Hüseyin ALPASLAN'ın 19 Nisan 2023 tarihli yazısı: Ayrımcılığı Öğrenmek ve Ön Yargılardan Kurtulmak
20 Ekim 2010; ani bir kararla emekliye ayrıldım…
Yoğun, meşakkatli, yıpratıcı ve özveri isteyen bir meslekte 26 yılı fiilen olmak üzere yıpranma ile 32 yıl 11 ay çalıştım. Kendime ve aileme ayıracak fazla zamanım olmadı.
Emekli olduğum bugün, meslektaşlarımın mesleğine başladıkları ilk gün hedefledikleri ulaşılması çok zor bir gündür. Mutlu olmalıydım. O hedefe bin bir türlü zorluklardan sonra ulaşmıştım.
Psikolojik bir durum olsa gerek tahlilini psikologlar mutlaka yapar. İnsanlar çalışacak, yine çalışacak ve emekli olunca tüm zorluklar, sorunlar bitecek…
Öyle olmuyor ve olmadı da!
Şimdi ne yapacaktım…
Düşündüm hani bizler düşünen canlılarız ya insanlar!
Ben, hep neyi özledim, en çok ne yapmak isteyip de neyi yapamamıştım.
Okumak, okumak yine okumak ama özellikle tarih okumak…

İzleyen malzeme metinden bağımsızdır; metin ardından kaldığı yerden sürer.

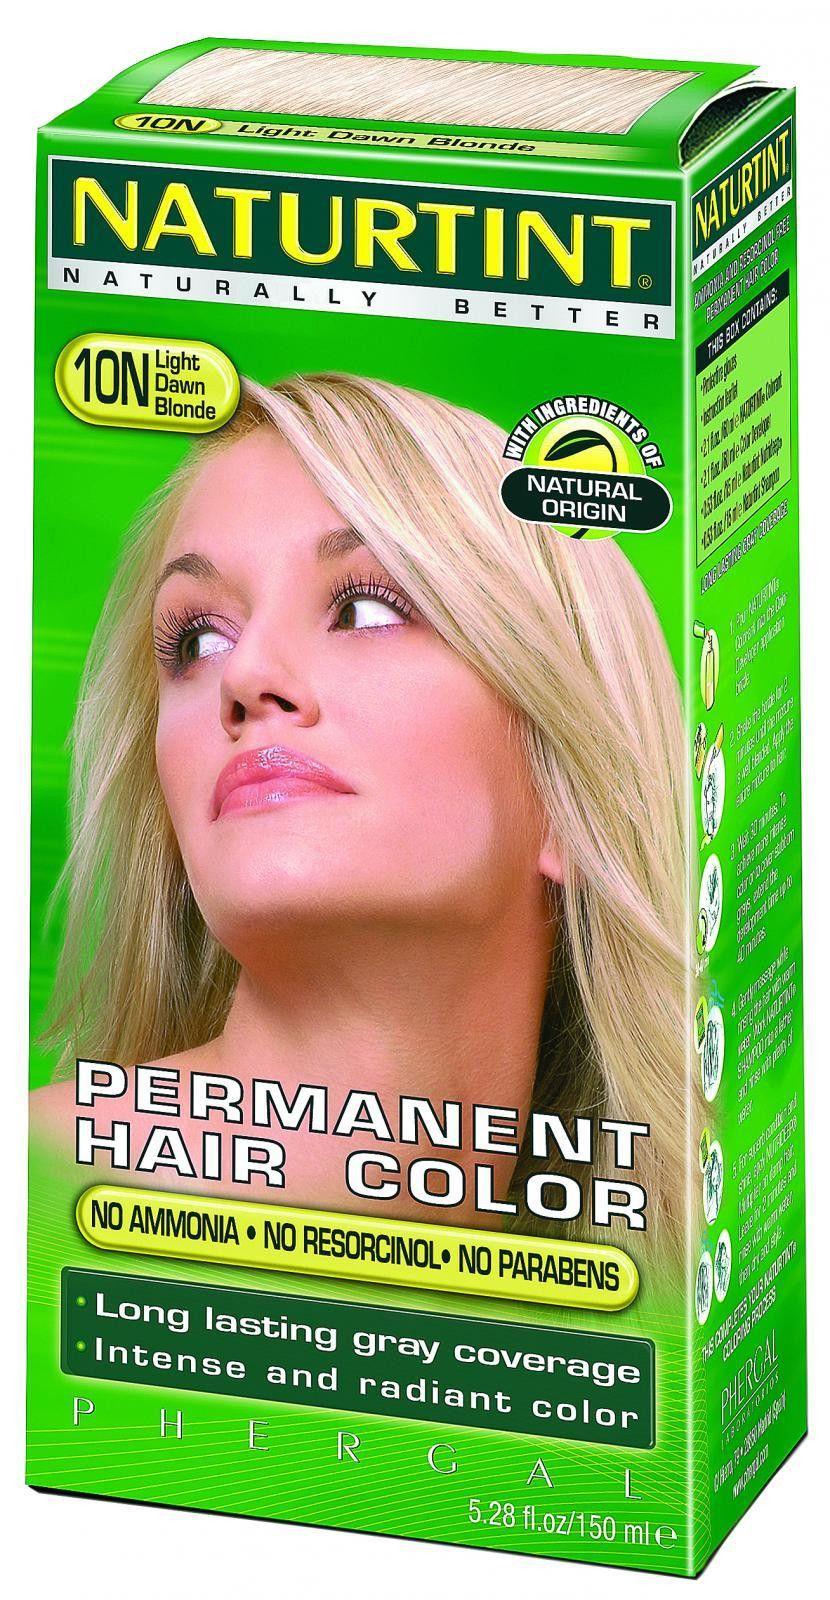 Naturtint Hair Color Permanent 10n Light Dawn Blonde 528 Oz

O aralar benimle aynı tarihte emekli olmuş bir meslektaşımla tanıştım. (Emeklide olsam halen meslektaşım) bu arkadaşım, askerlik mesleğini kutsal derecesinde bir bağlılıkla seven, ancak; şartlar öyle gerektirdiği için emekli olan, tarihi ve okumayı çok seven, akademik kariyer yapma hayalleri bulunan, ilerleyen zamanlarda dostluğumuzu ilerlettiğimiz bir arkadaşım.
2012 yılında beraber Anadolu Üniversitesi Açık Öğretim Fakültesinde açılan tarih bölümüne kaydolarak fakülteyi başarılı bir derece ile bitirdik. Bu bizim için müthiş bir uğraşı, geleceğe bir yatırımdı. Bir şeyler yapmıştık ve bir işe yarabileceğimiz kanaati ile sevinçliydik.
2013-2017 yıllarında Antalya ilinde çalışan kızımın yanında bulunurken, çeşitli iş fırsatları doğdu ve meslek jargonuyla "sivil bir ortamda" çalışarak farklı deneyimler kazandım.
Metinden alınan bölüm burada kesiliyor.